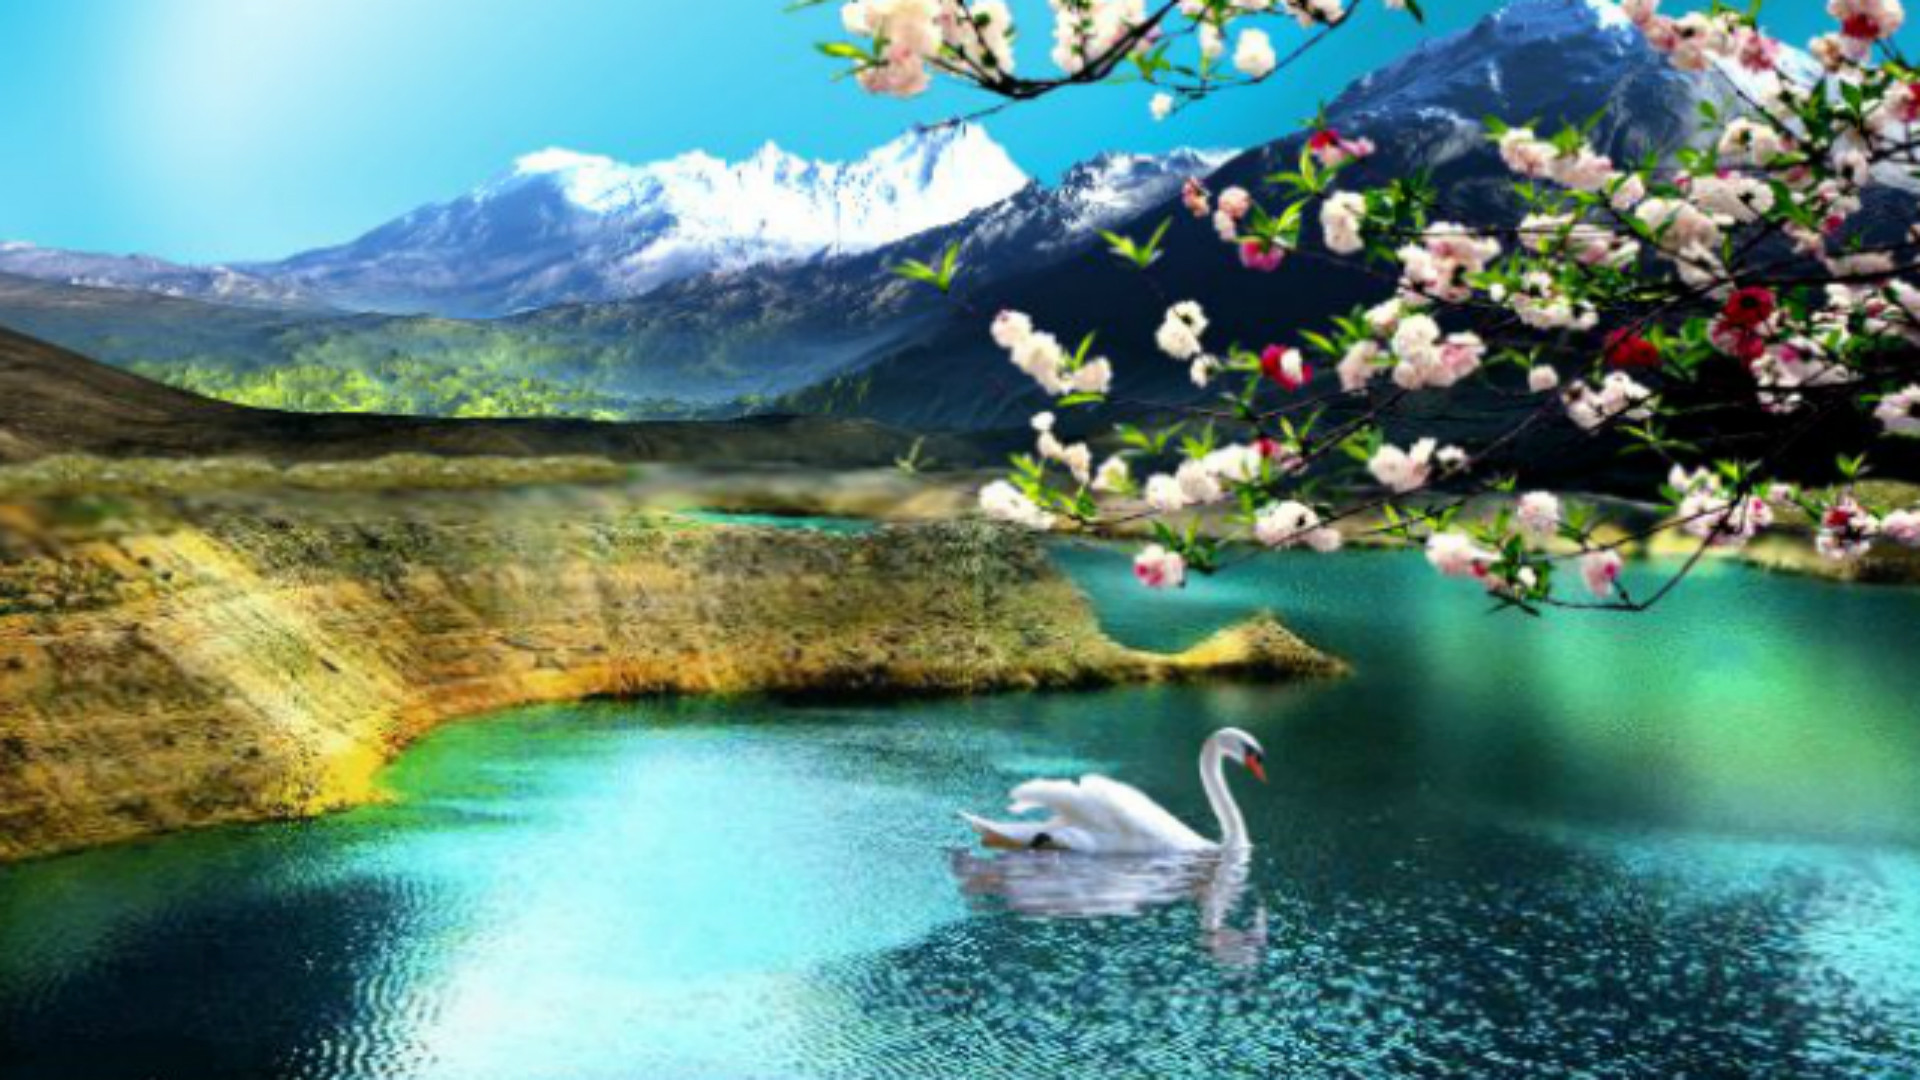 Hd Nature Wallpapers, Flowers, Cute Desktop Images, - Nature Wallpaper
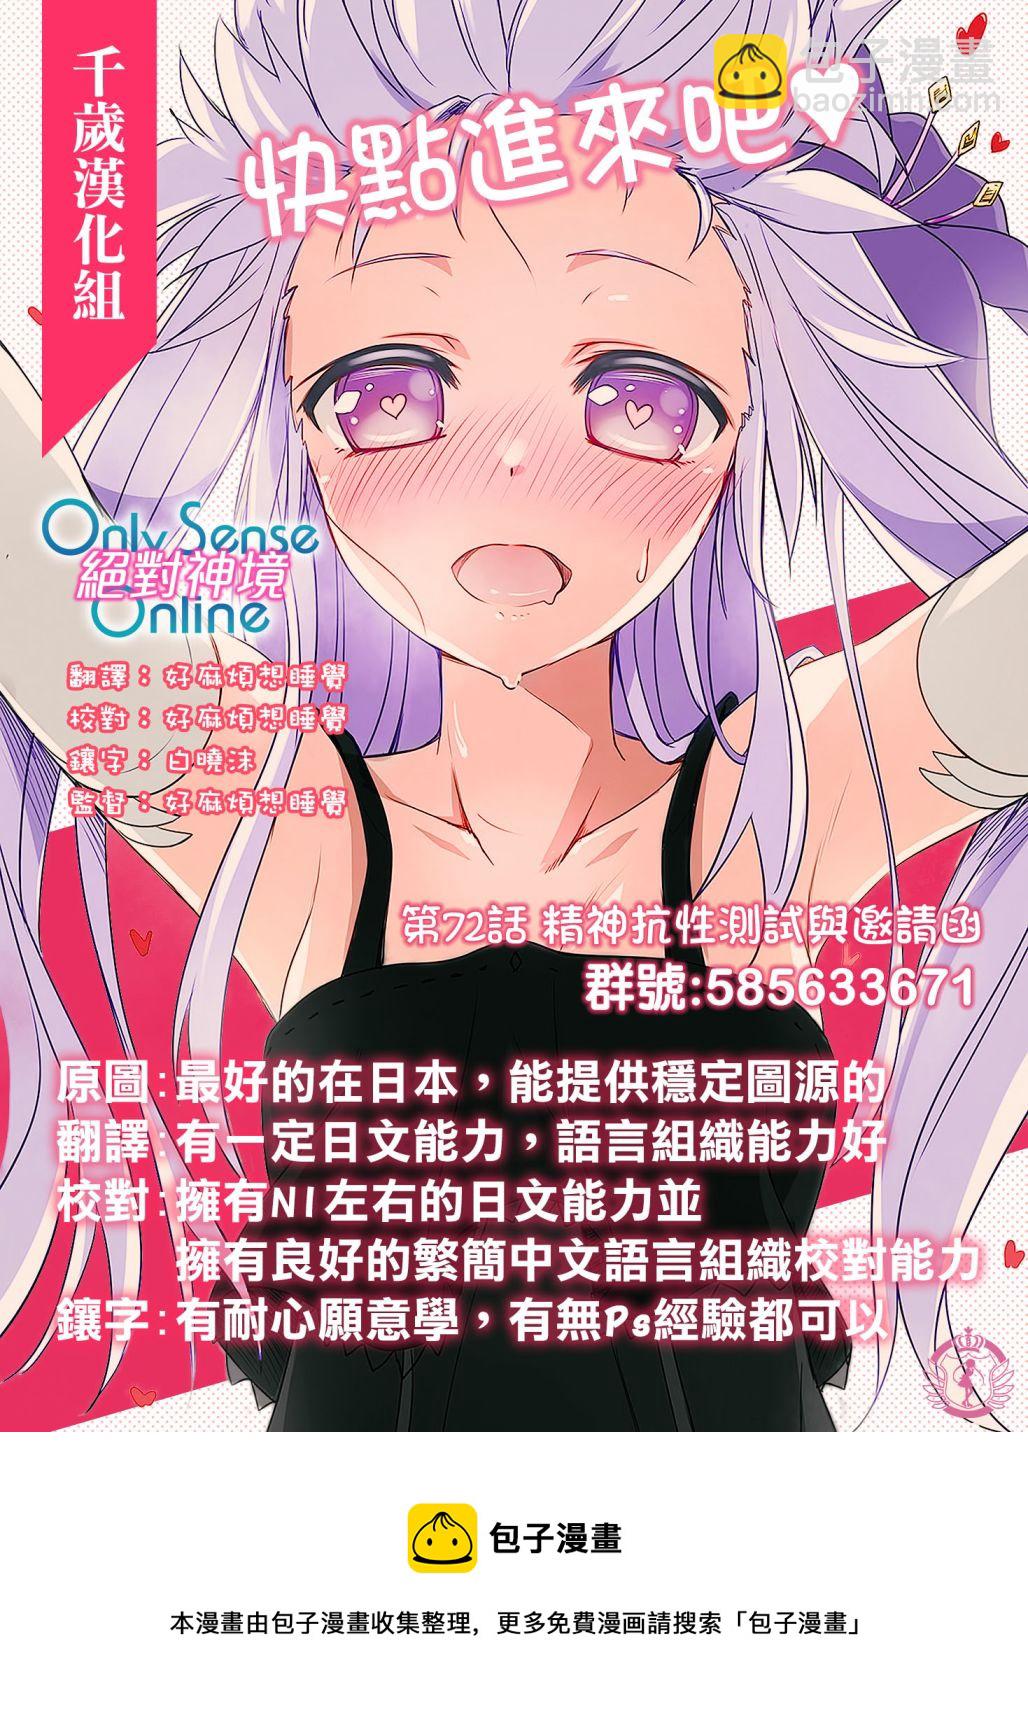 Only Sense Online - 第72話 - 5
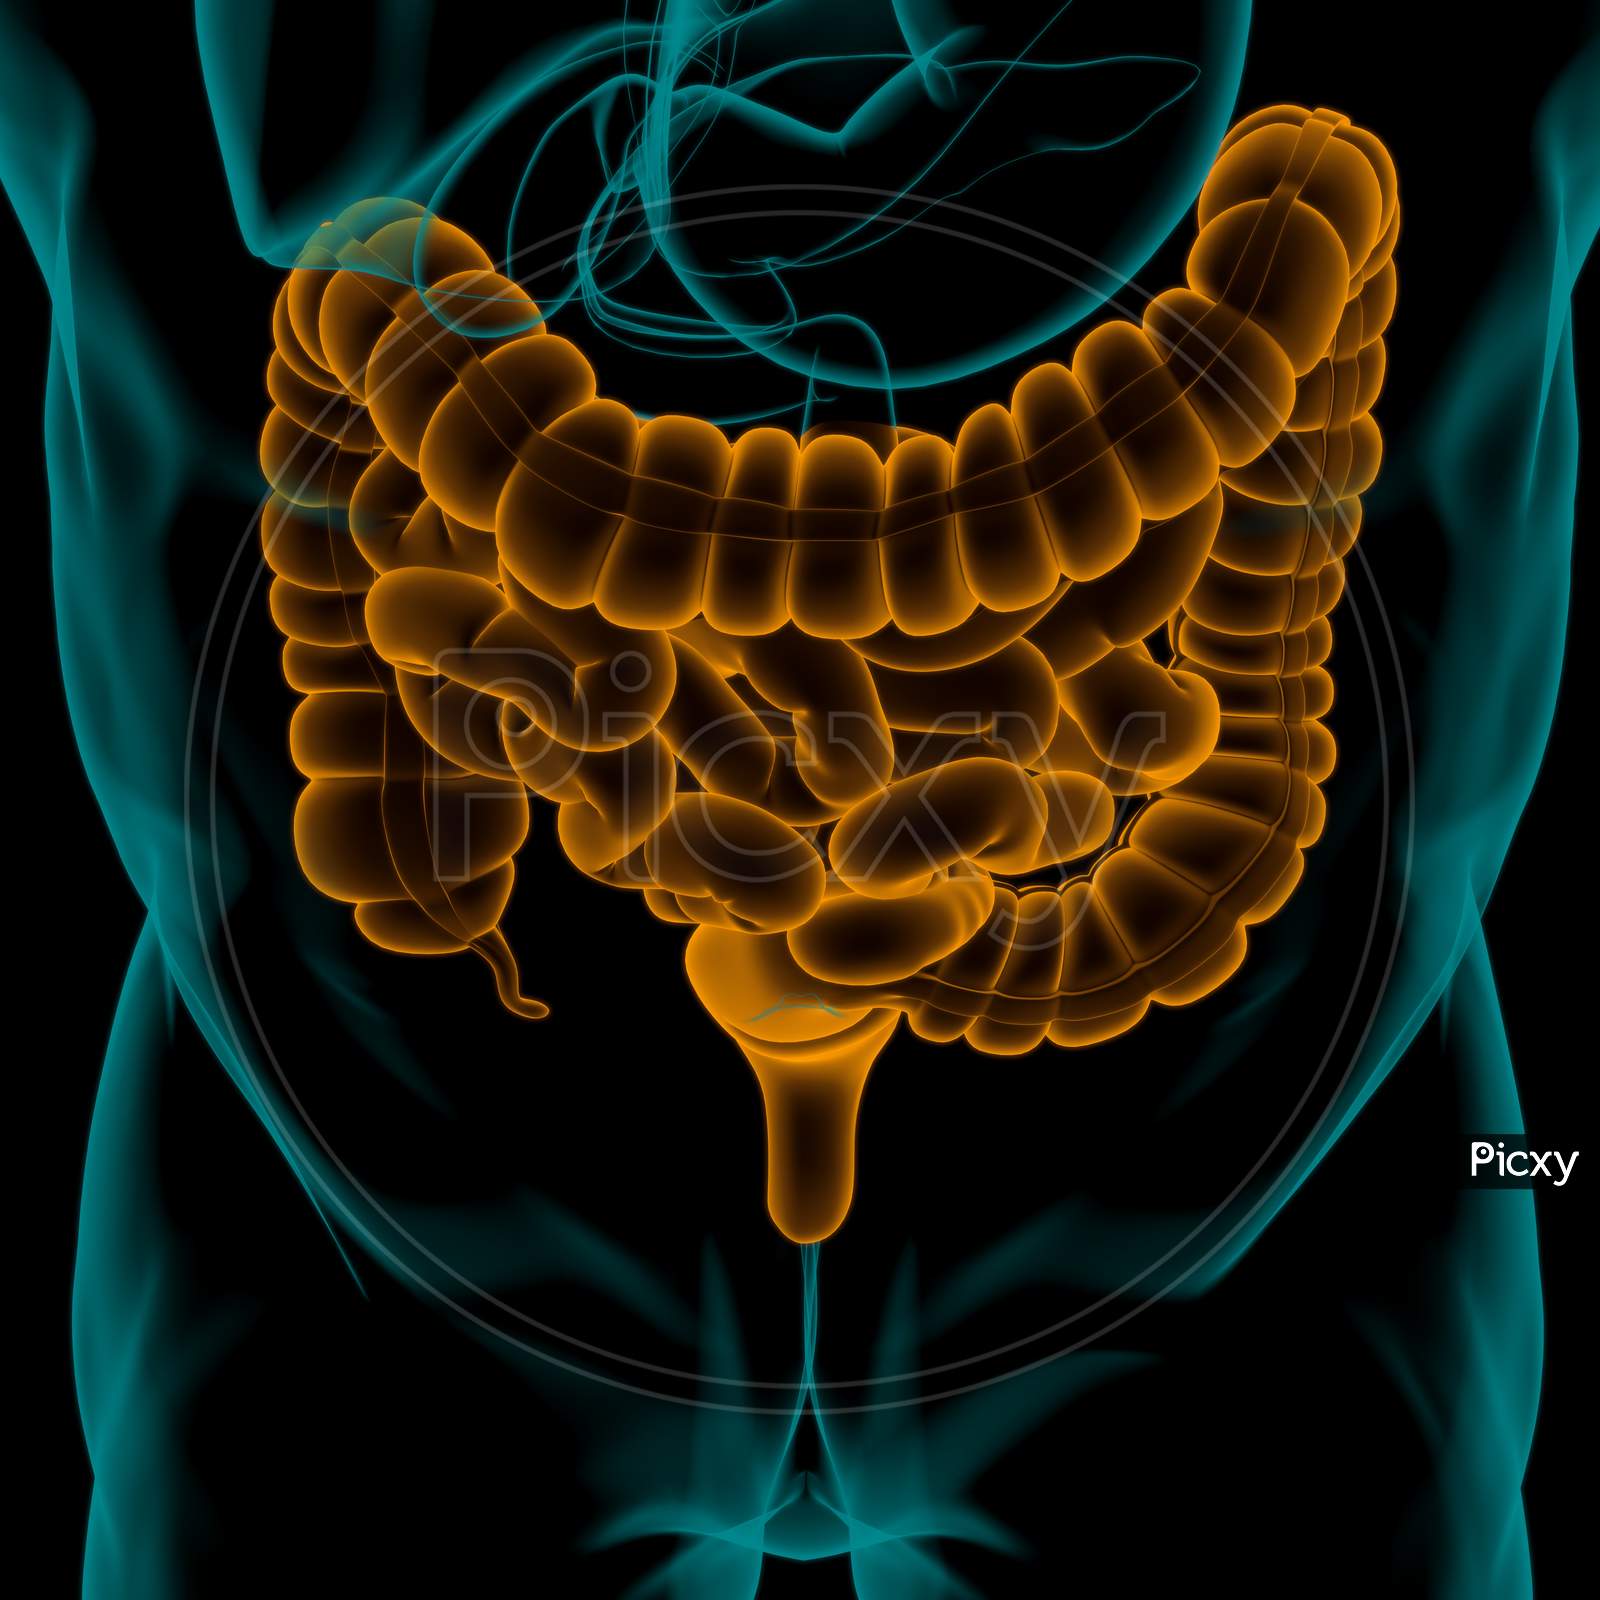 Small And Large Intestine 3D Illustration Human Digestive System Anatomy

━━━━━━━━

Problem requirements: Retype word for word all the material given above, and keep the pictures out.

Exercise solution:
 Hd Nature Wallpapers, Flowers, Cute Desktop Images, - Nature Wallpaper
 Only Sense Online - 第72話 - 5
 Small And Large Intestine 3D Illustration Human Digestive System Anatomy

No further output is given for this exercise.